Natural populations are composed of individuals that are distributed over geographical space. Therefore, with limited migration, mating occurs more frequently among individuals that are close to each other than among those that are far apart on the space. This geographic structure is often reduced to a simple demographic model in which a number of small populations (or demes), each of which is panmictic, are connected to each other by limited migration (Wright 1940). In this model, a proportion m of individuals in a deme is replaced by migrants from other demes each generation. A fundamental result of spatial population genetics is that, if m is sufficiently large so that Nm > 1 where N is the population size of a deme, neutral genetic variation is homogenized over the entire system of connected demes at equilibrium under mutation–drift–migration balance (Slatkin 1987). Therefore, even when a population has a clear geographic structure (m << 0.5), its pattern of polymorphism at many neutral markers may not deviate from that under panmixia. In this case, modeling a natural population to be panmictic would not cause much problem.
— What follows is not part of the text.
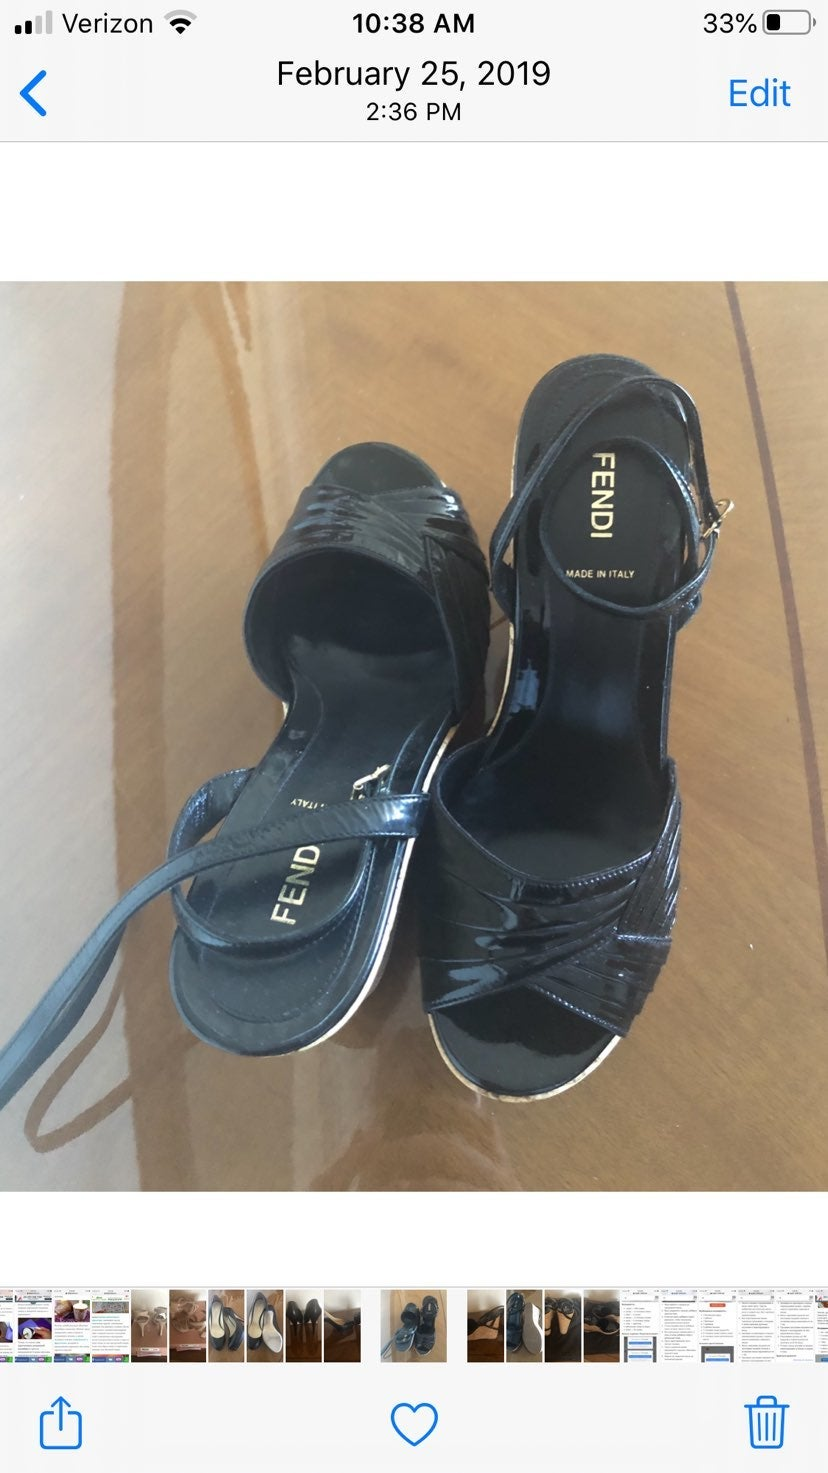 BRAND NEW Fendi Black Platform Heels

However, if an evolutionary process occurs at a timescale that is much shorter than that of the neutral coalescent, limited migration may lead to a heterogeneous footprint of the process over geographic space. The spread of a beneficial mutation is a case of such fast evolutionary change. Let the frequency of a new beneficial mutation initially increase by a factor of 1 + s per generation in a local deme. Then, its spread to the entire population will be limited by migration if m < s, regardless of the value of Nm. Namely, the geographical structure of natural populations is expected to cause the allele frequency trajectory of a beneficial allele to deviate from that in a panmictic population. Then, the hitchhiking effect of the beneficial mutation spreading over a subdivided population may be different from that in a panmictic population. For example, Barton (2000) predicted that a beneficial mutation spreading over a geographic distance will produce a weaker hitchhiking effect because the time taken for the mutation to reach fixation is longer compared to the case of panmixia.

The theory of genetic hitchhiking in a subdivided population was developed in previous studies, notably by Slatkin and Wiehe (1998) and Santiago and Caballero (2005). They mainly analyzed the model in which subpopulations are isolated with weak migration (Nm << 1), under which a beneficial mutation goes to fixation in one population before it starts to increase in the next population (i.e., the locus under selection is polymorphic in one deme only at a given time). Their results indicated that, if neutral variation near the target of selection is initially homogeneous among subpopulations, the sequential fixations of the beneficial allele may create genetic differentiation, because occasional recombination may cause different neutral alleles at a locus to hitchhike in different subpopulations. Therefore, Wright’s FST would increase from a small to an intermediate value by hitchhiking (Slatkin and Wiehe 1998; Bierne 2010). On the other hand, if subpopulations are highly differentiated initially, the fixation of a beneficial allele in the entire population reduces the level of differentiation at linked neutral loci, because common neutral alleles are likely to hitchhike to the beneficial mutation with limited recombination. Therefore, FST decreases from a high to an intermediate value (Santiago and Caballero 2005). These theoretical studies helped interpret the geographic pattern of neutral polymorphism shaped by natural selection in a highly structured species such as Drosophila ananassae (Stephan et al. 1998; Baines et al. 2004; Das et al. 2004) and others (Faure et al. 2008).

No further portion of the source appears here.